MARIA VITÓRIA DE MESQUITA BENEVIDES,

Presidente de Pós-graduação da USP, Doutora em Ciências Políticas pela Universidade de São Paulo, Professora Livre Docente de Educação de Universidade de São Paulo, Membro do Centro de Estudos de Cultura Contemporânea, Membro da Comissão de Justiça e Paz, Integrante da Escola de Governo em São Paulo.

O tema “Minorias: Lutas Populares e Direitos Humanos” reservou para minha exposição e subtema das Lutas Populares e dos Direitos Humanos. Entào, o que eu pretendia fazer, nesse espaço de tempo da minha fala, era relacionar a idéia de minoria com a da Luta, da Cidadania Ativa., vinculada à idéia mais ampla de Democracia e de Cidadania.
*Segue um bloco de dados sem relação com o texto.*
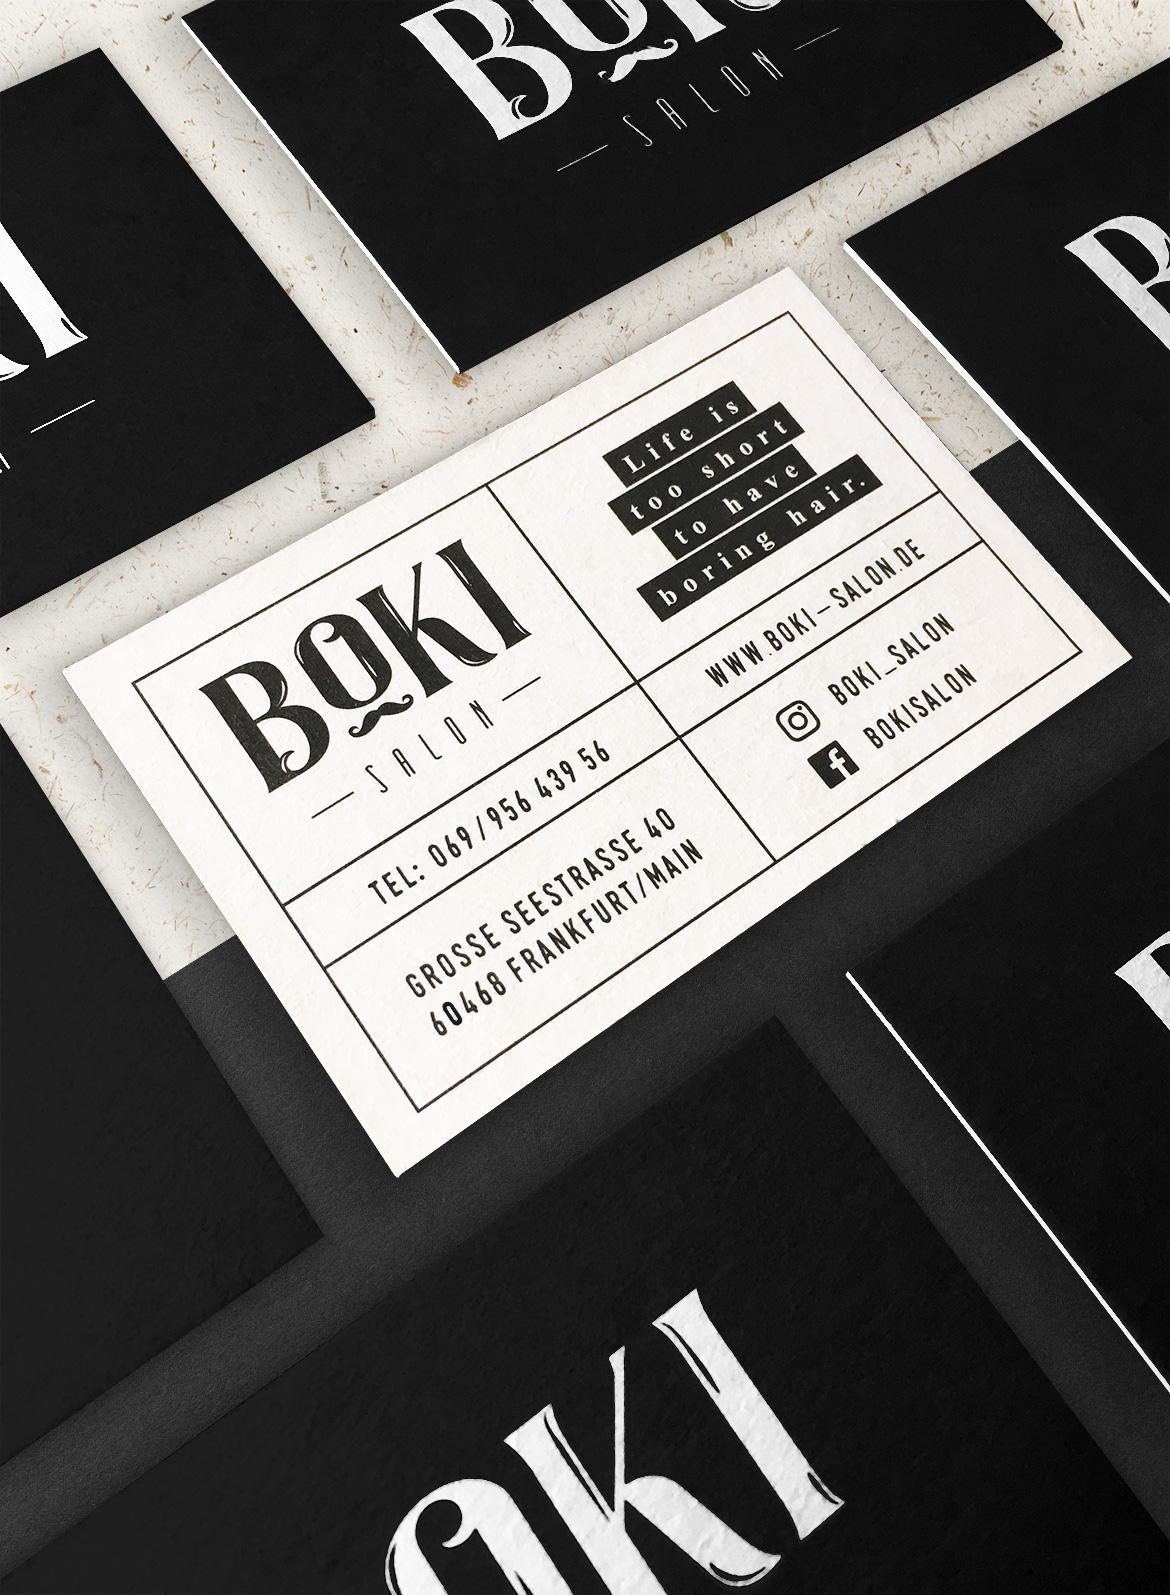 BOKI_VK_01_klein

A questão crucial e que me parece importante destacar, quando vamos discutir mais uma vez Direitos Humanos no Brasil, é o desafio em que consiste esta questão o que nos obriga a enfrentar o problema das desigualdades, simultaneamente no plano das mentalidades e no plano da ação concreta. Quando nós falamos em Direitos Humanos, falamos, obviamente, no princípio da igualdade de todas as pessoas, em termos de dignidade da pessoa humana. E eu insisto em que este enfrentamento é duplo e em que esta é a questão crucial, porque, embora extremamente importantes, as ações concretas no plano das autoridades públicas e no plano da sociedade, através das lutas populares, nos permitiriam avançar pouco, senão enfrentássemos também a questão no plano das mentalidades.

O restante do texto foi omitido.